Ultra-long room temperature phosphorescent materials based on tetraphenylethylene derivatives for anti-counterfeiting and encryption applications

Abstract

Stimuli-responsive room temperature phosphorescent materials have been the subject of considerable research activity in recent years. In this study, the tetraphenylethylene group was selected in combination with arylboronic acid (TIPE-BOH) and used to dope a rigid polyvinyl alcohol (PVA) matrix to generate a film material (TIPE-BOH-PVA) that exhibited an aggregation-induced emission (AIE) effect. The prepared film exhibits excellent room temperature phosphorescence (RTP) performance, with an enhanced emission wavelength and an afterglow time of up to 12 s. The triplet-to-singlet Förster resonance energy transfer (TS-FRET) has been utilized to modify the afterglow color by adding butyl rhodamine B (BRhB) and rhodamine 6G (R6G), employing a water phase without the use of organic solvents.
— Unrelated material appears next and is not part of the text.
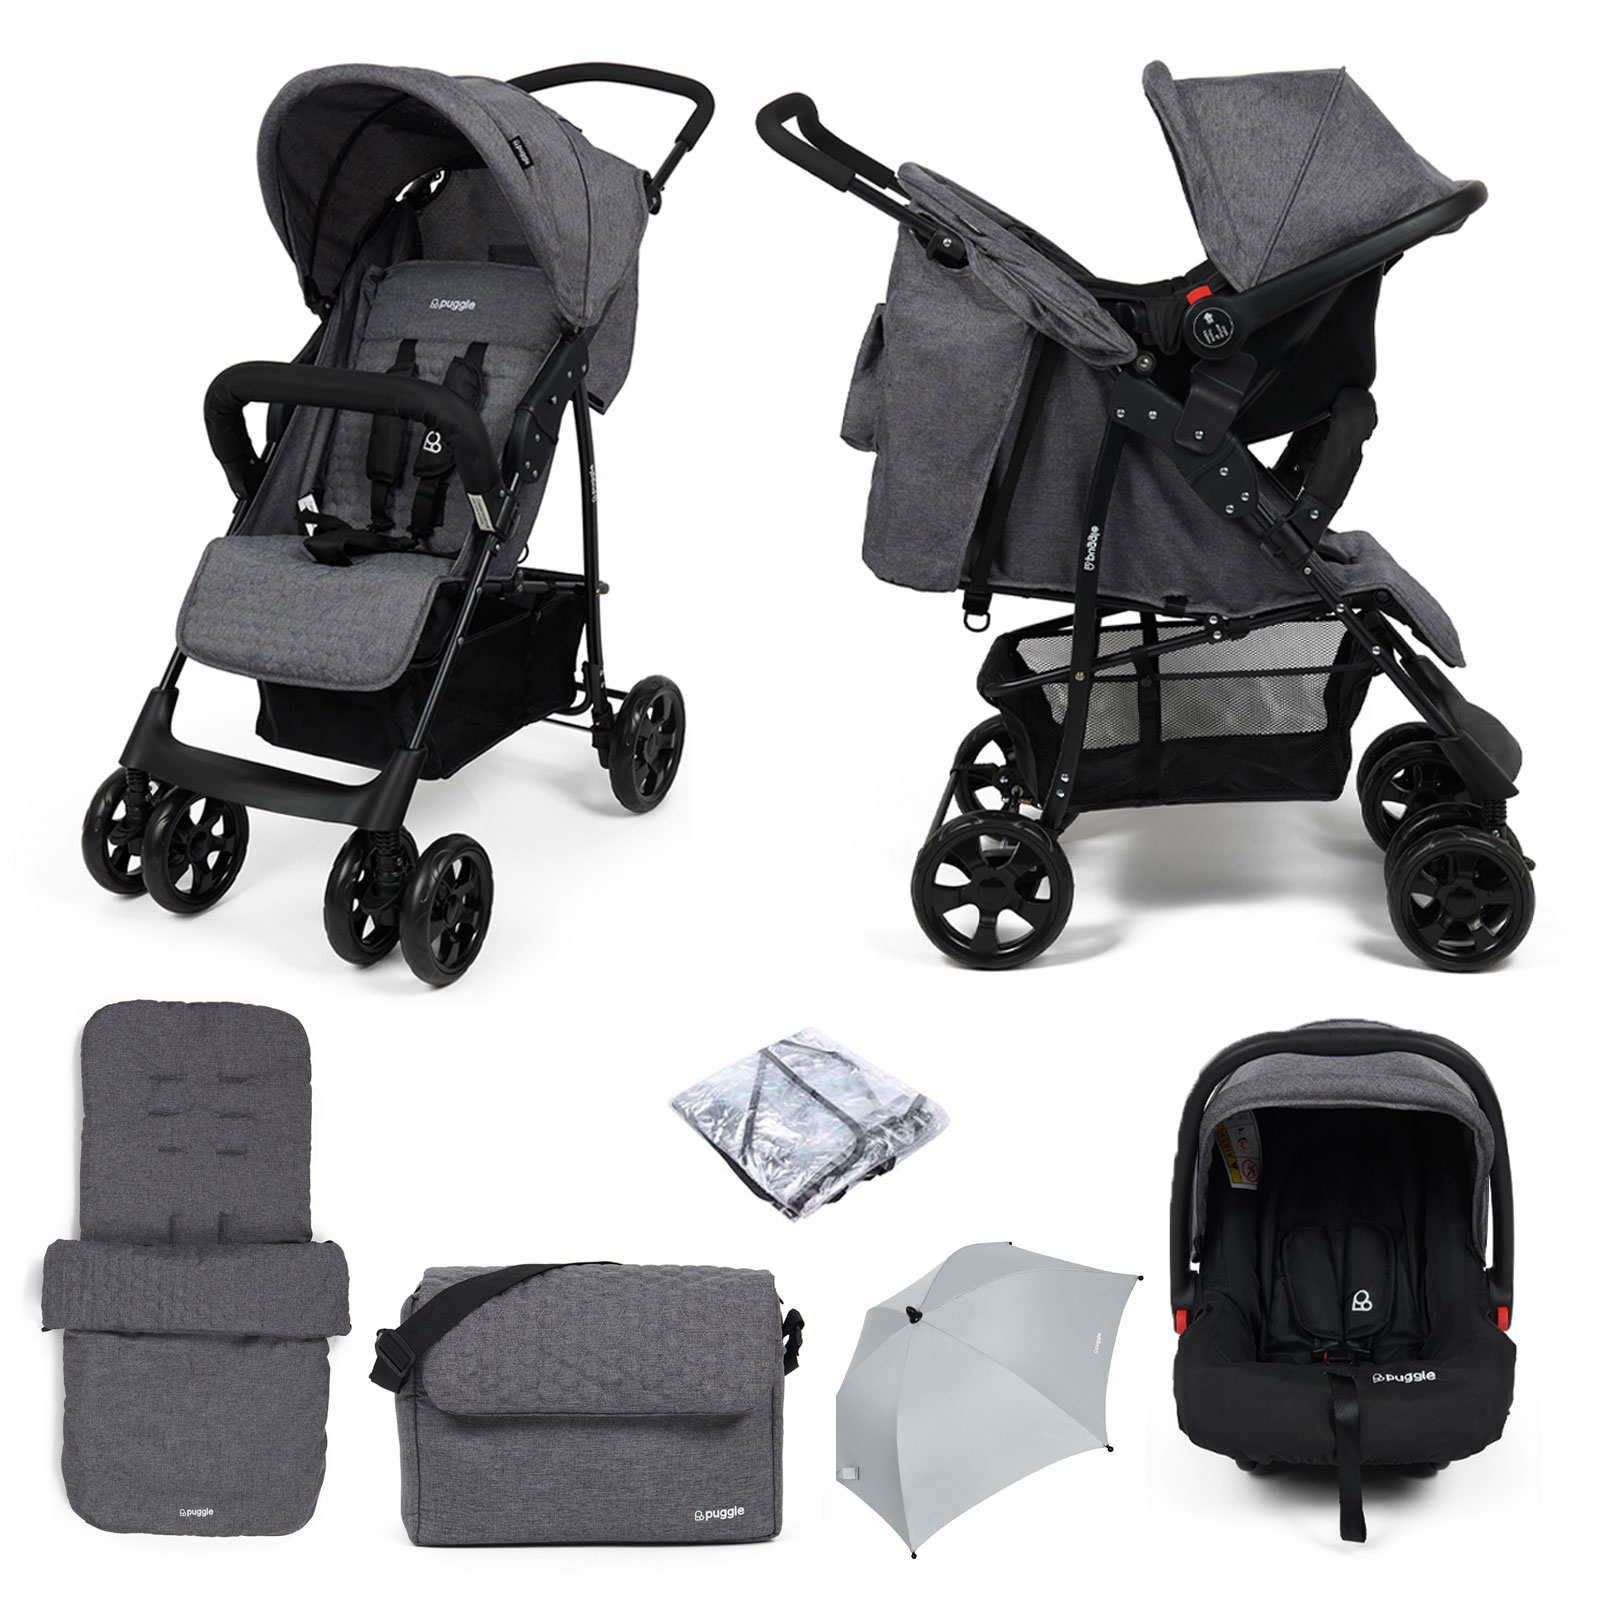 Puggle Lowton Luxe 2in1 Travel System with Raincover, Universal Honeycomb Footmuff, Changing Bag & Parasol – Graphite Grey
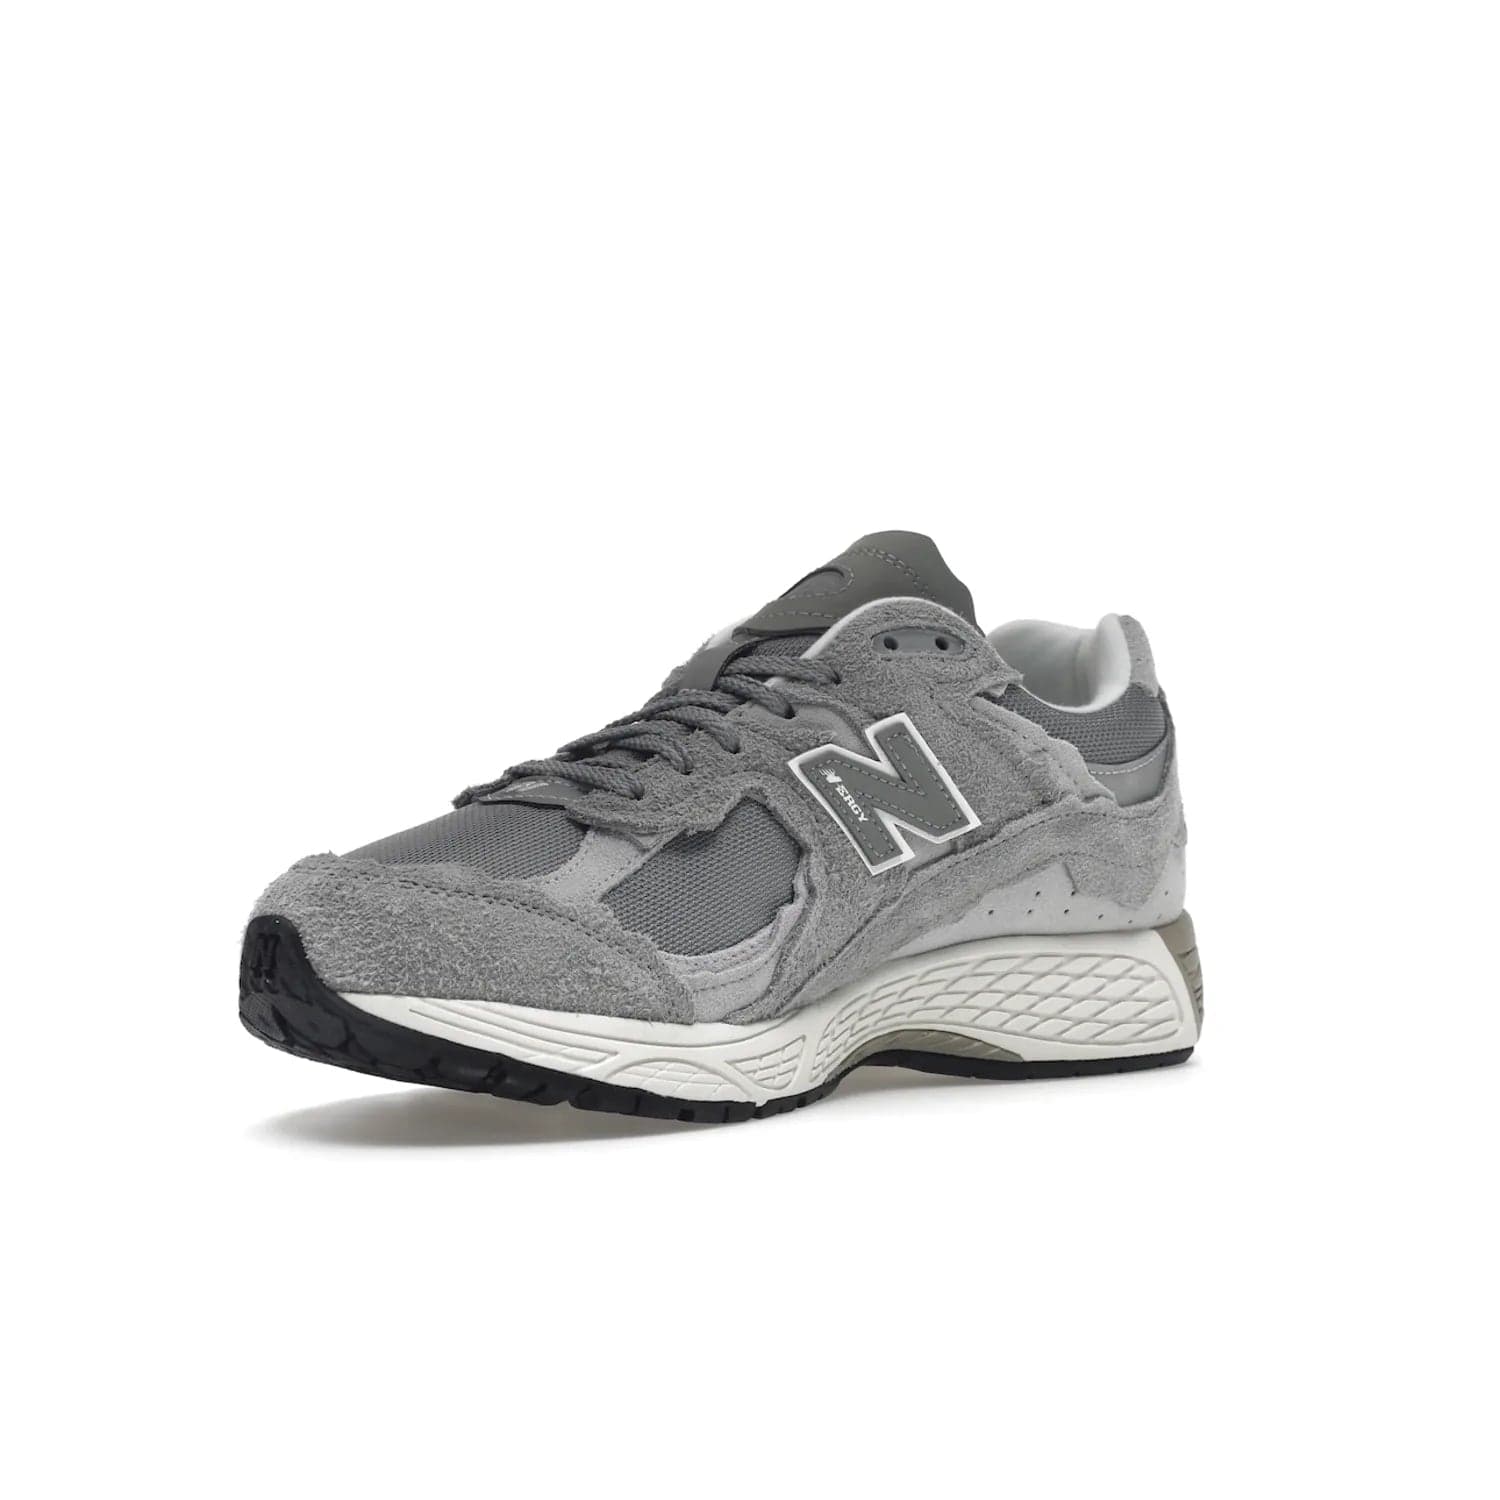 New Balance 2002R Protection Pack Grey - Image 15 - Only at www.BallersClubKickz.com - The New Balance 2002R Protection Pack Grey provides superior protection and all-day comfort. It features a blend of synthetic and mesh materials, foam midsole, rubber outsole, and a toe cap and heel counter. Show off the classic "N" logo and "2002R" lettering. Get a pair on February 14, 2023 for protection and style.

The resultant material exhibits stimulus responsiveness; the RTP properties disappear when the material is exposed to water vapor, but are restored following thermal treatment. The material has potential applications in information encryption and erasure, double anti-counterfeiting ink, and fingerprint acquisition systems. This work offers a new strategy for the design of stimuli-responsive ultra-long RTP materials with far-ranging end applications.